Mulberry made a loss before tax of £5m in the 53 weeks to 30 March, down from a profit of £6.9m in 2018, amid a “challenging” UK market.
Revenue fell 2% for the year to £166.3m. International sales were up 7%, but UK sales declined 6%.
Adjusted profit before tax for the period fell 87.5% to £1m.
Adjusting items totalled £6m and included the cost of launching in South Korea, a profit write-back on the conversion of its wholesale partnership with John Lewis to a concession business model, write-offs associated with House of Fraser’s administration, and fixed asset impairment costs.
During the year the business reduced its inventory by 11% to £39.7m and launched new subsidiaries in Japan, as well as South Korea.
Online sales increased by 27%, and represented 22% of group revenue, up from 17% in 2018. Around 90% of Mulberry’s revenue is now generated through direct to consumer channels, following the transition of its John Lewis account.

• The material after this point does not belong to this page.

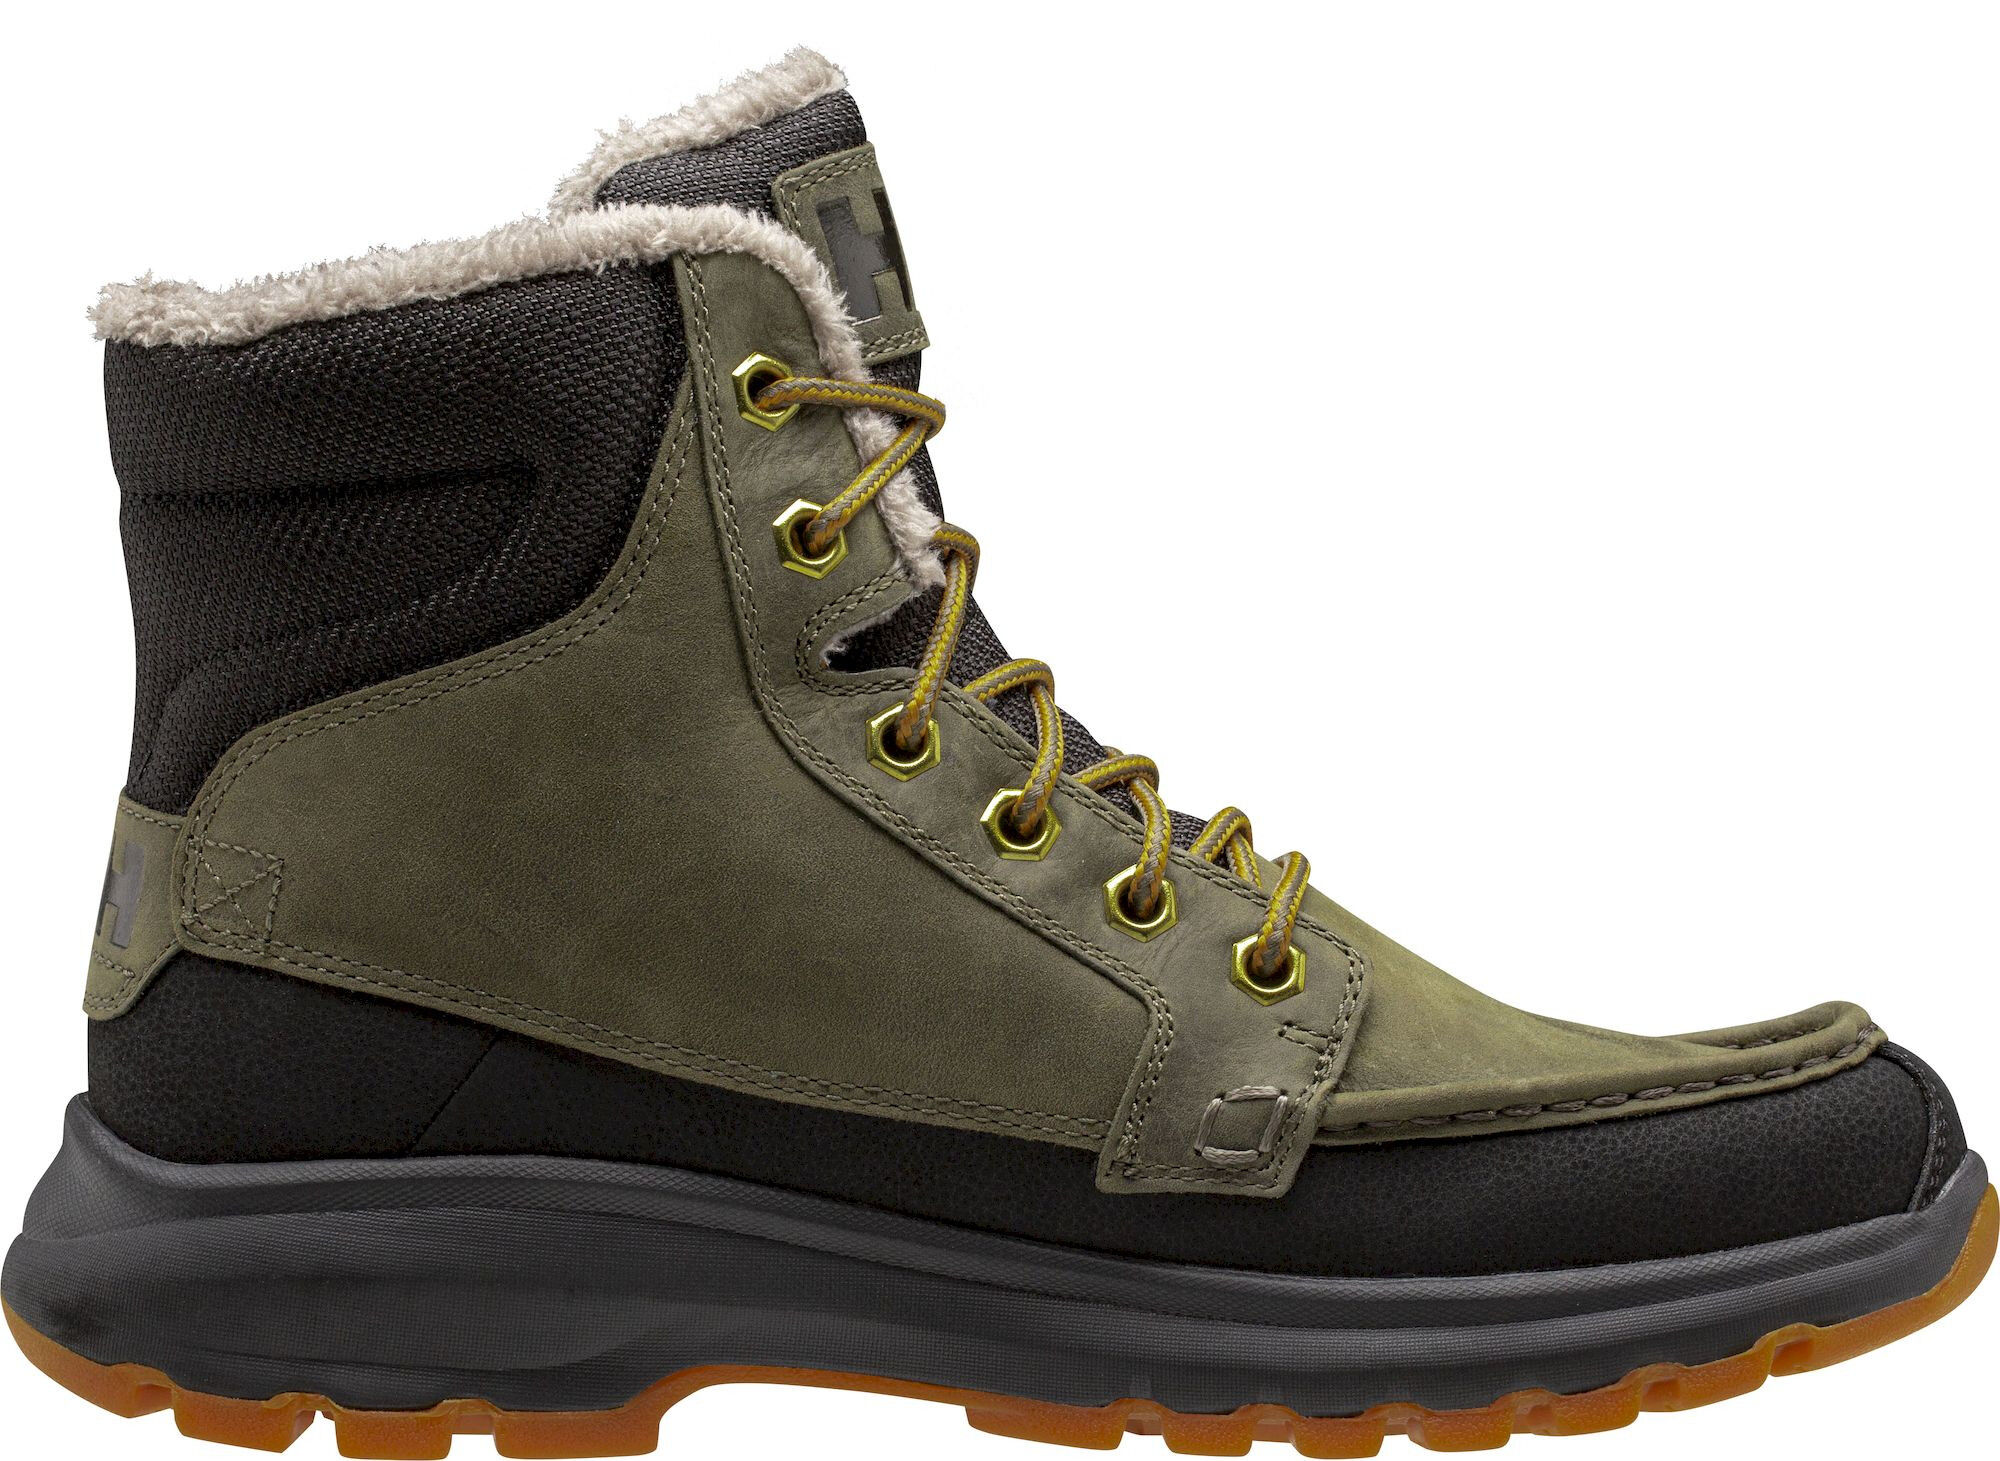 Helly Hansen Garibaldi V3 - Boots - Men's

Mulberry’s total retail sales were up 13% for the 11 weeks to 15 June, including a 31% uplift internationally and a 7% rise in the UK. The brand launched on Farfetch in April.
CEO Thierry Andretta said: “The group has delivered results in line with expectations and is making good progress in advancing its international strategy and direct to customer model whilst managing a challenging UK market.
“We have established new subsidiaries in Japan and South Korea and introduced important digital partnerships in China. International and omnichannel sales, driven by our customer centric focus, are increasing as a result.
“Looking ahead, we anticipate that international and digital sales will continue to grow whilst UK retail trading conditions are expected to remain uncertain. The group plans to invest further in its new Asian entities during this development phase, enhance its global digital platform and optimise the UK network.”